I say 5NF because that is the minimum I provide in order to eliminate Update Anomalies, and most modellers are familiar with it. But if it does not scare you off, the two Sales tables are actually Sixth Normal Form.
This allows full Pivoting (weeks or months across the top; Products or Employees down the side; vice versa; any combination) without temporary tables or complex SQL. (Just ask.)
I think it may even be self-explanatory, but I will supply the Verb Phrases which spell out the Business Rules, only because there are three Parents involved in each:
Each Employee is scheduled SaleTarget of Product for Week
Each Product is scheduled SaleTarget By Employee for Week
Each Employee did SaleActual of Product on Day
Each Product did SaleActual by Employee on Day
Comparison
I should have mentioned. Notice there is no vertical (rows) or horizontal (columns) duplication. When columns are duplicated eg, StartDate and EndDate, you have broken 3NF (introduced Functional Dependencies), and introduced an Update Anomaly. The EndDate in any row, is the StartDate in the next row (that, minus 1 second counts as a dupe, is a contrivance); when updating, now two rows instead of one have to be changed.
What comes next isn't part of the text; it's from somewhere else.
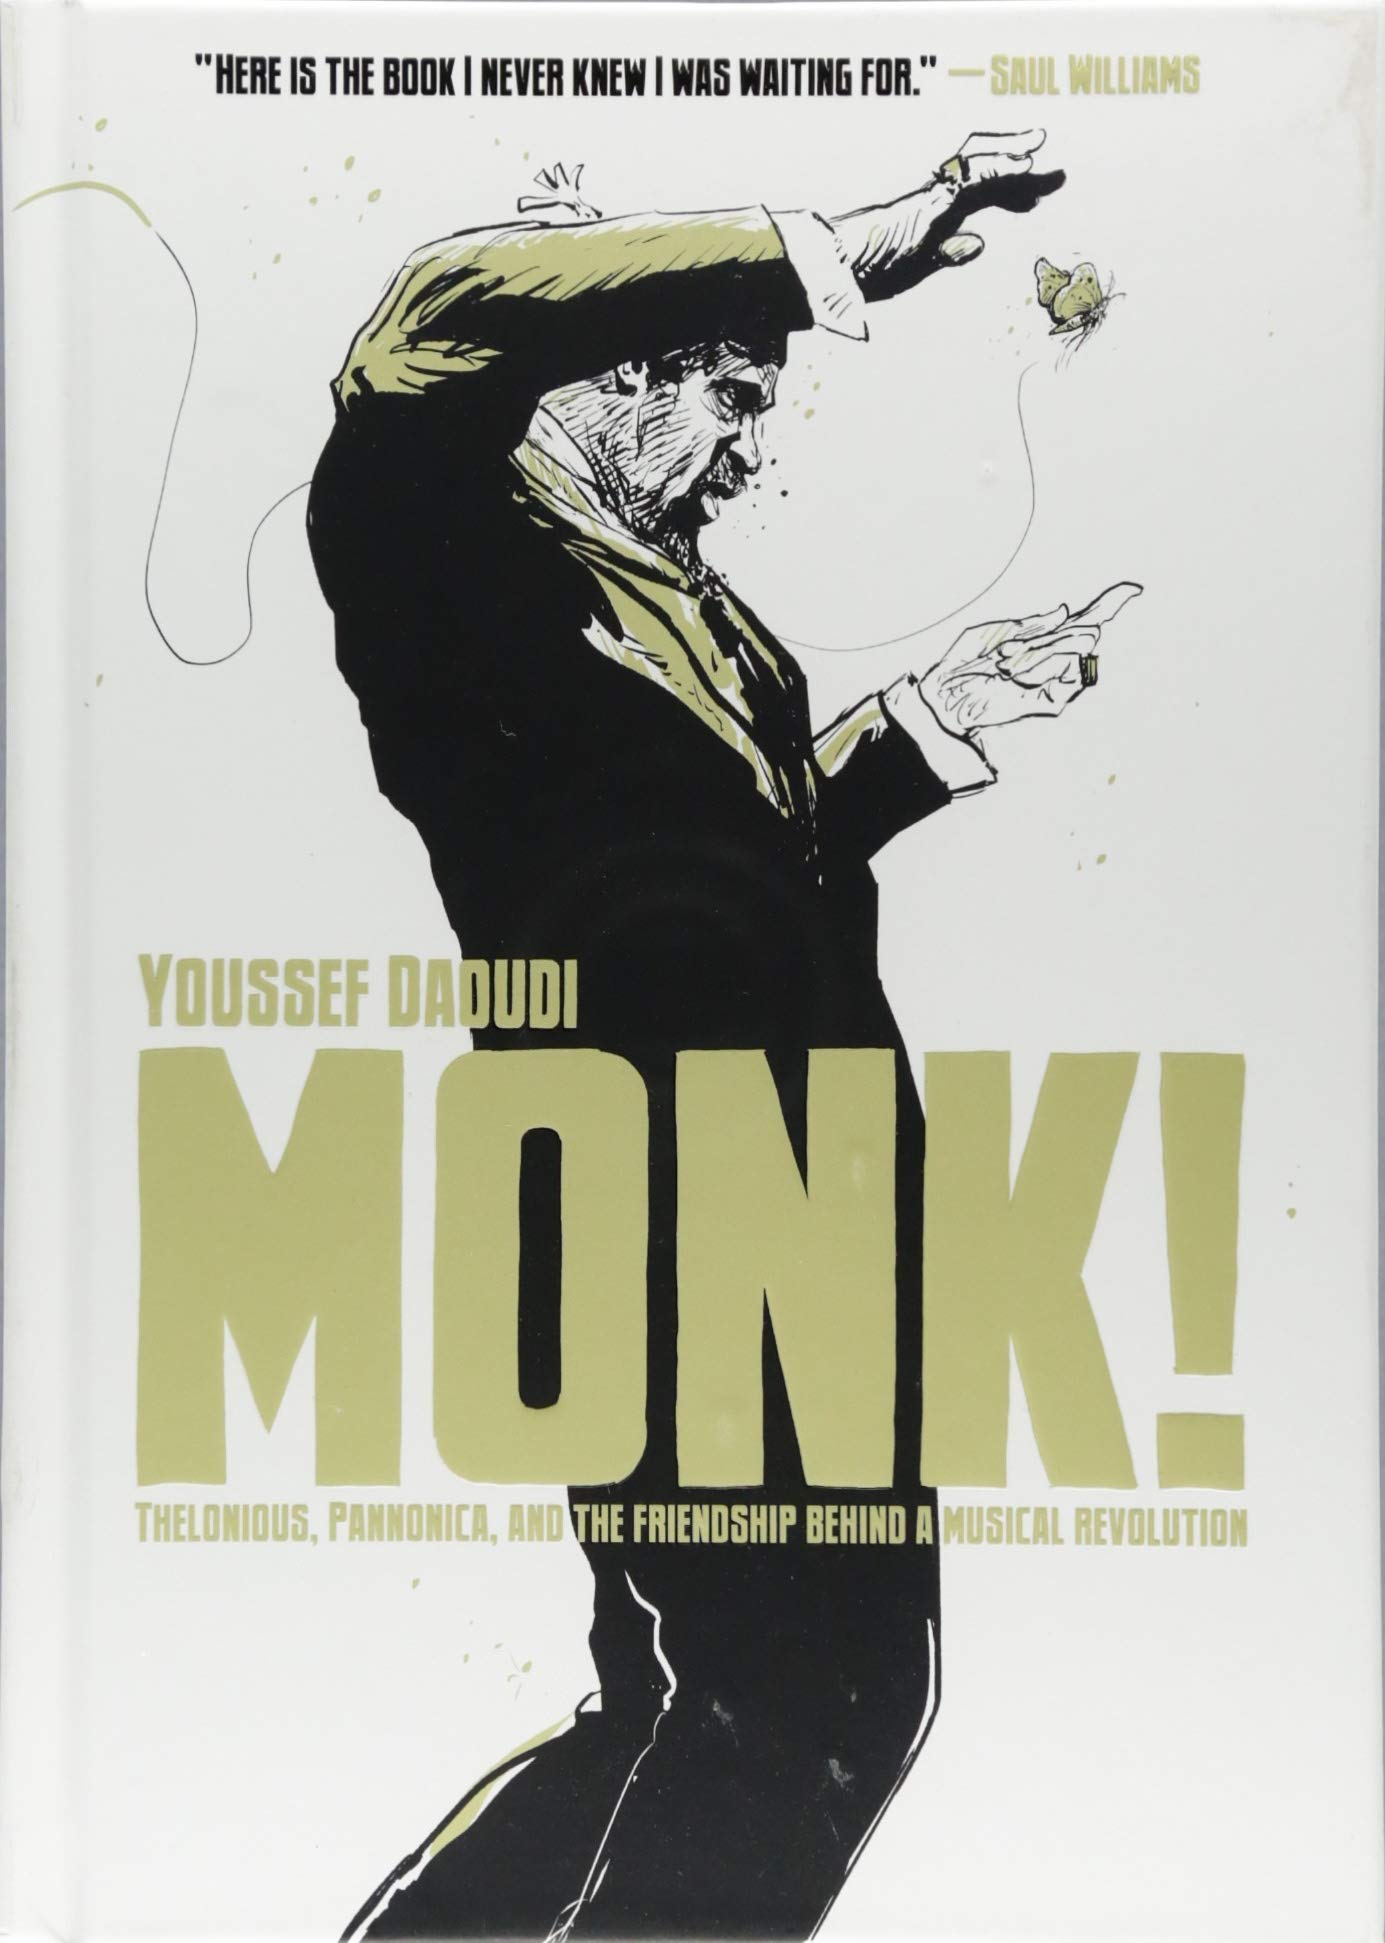 A book cover for Monk!: Thelonious, Pannonica, and the Friendship Behind a Musical Revolution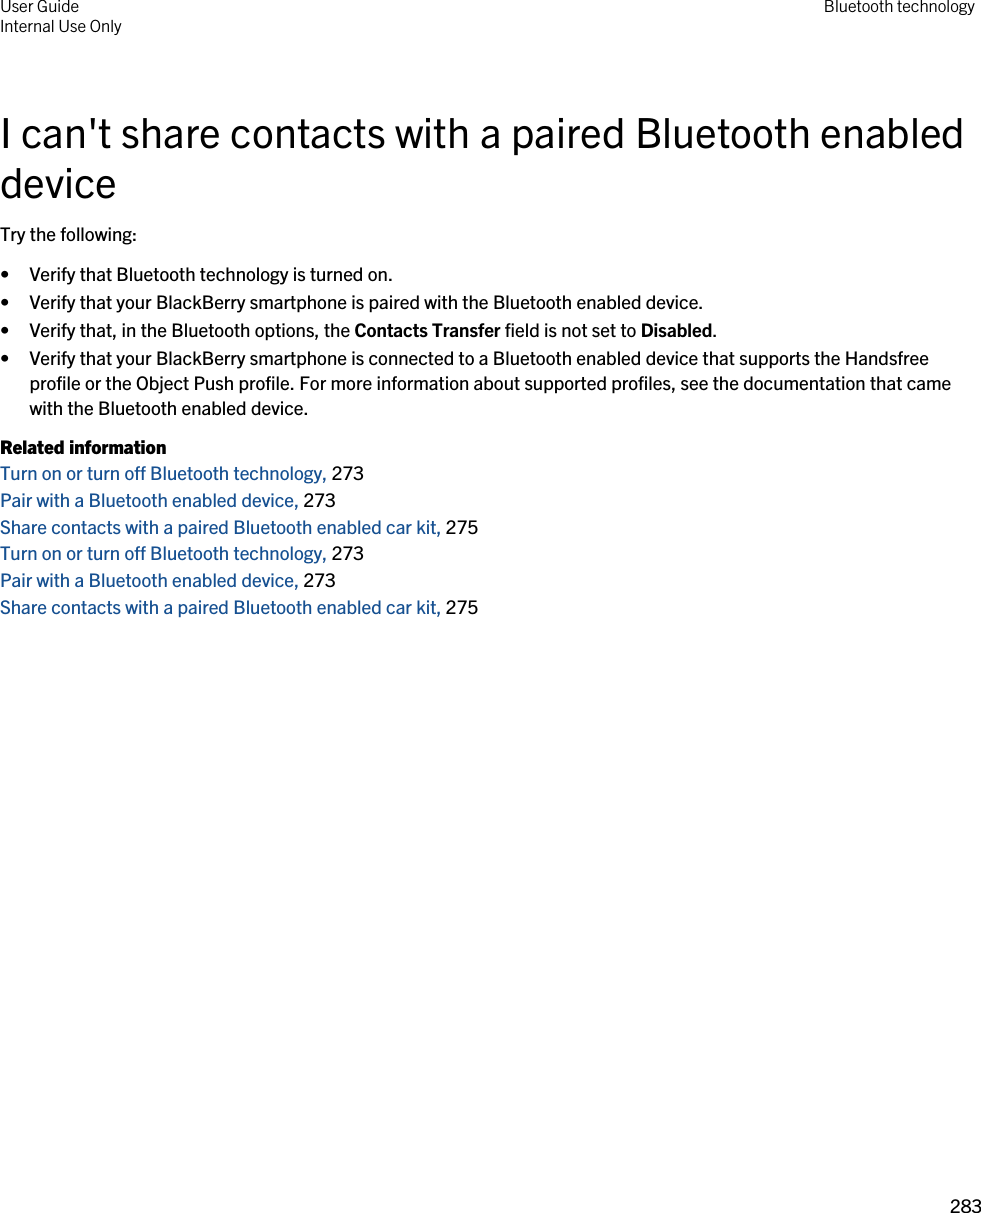 I can&apos;t share contacts with a paired Bluetooth enabled deviceTry the following:• Verify that Bluetooth technology is turned on.• Verify that your BlackBerry smartphone is paired with the Bluetooth enabled device.• Verify that, in the Bluetooth options, the Contacts Transfer field is not set to Disabled.• Verify that your BlackBerry smartphone is connected to a Bluetooth enabled device that supports the Handsfree profile or the Object Push profile. For more information about supported profiles, see the documentation that came with the Bluetooth enabled device.Related informationTurn on or turn off Bluetooth technology, 273 Pair with a Bluetooth enabled device, 273 Share contacts with a paired Bluetooth enabled car kit, 275 Turn on or turn off Bluetooth technology, 273 Pair with a Bluetooth enabled device, 273 Share contacts with a paired Bluetooth enabled car kit, 275 User GuideInternal Use Only Bluetooth technology283

More important, this structure is so simple (it is not a Time Series, or "temporal" requirement), the EndDate is not required.
Response to Comments
The Data Model has been updated to include Month and Year requirements. You now need a Check Constraint on SaleTarget to ensure that DateType is W for week. Loading the Date table is simple, you do not need the nonsense code (manually repeated cut-and-paste) that is posted on SQLTeam; they are famous for being stupid and sub-standard.
The SaleActual table now contains Daily, Weekly, Monthly, and Annual values. Which of course, you summarise programmatically on the first day of each Week, Month, Day. First add the new row to Date.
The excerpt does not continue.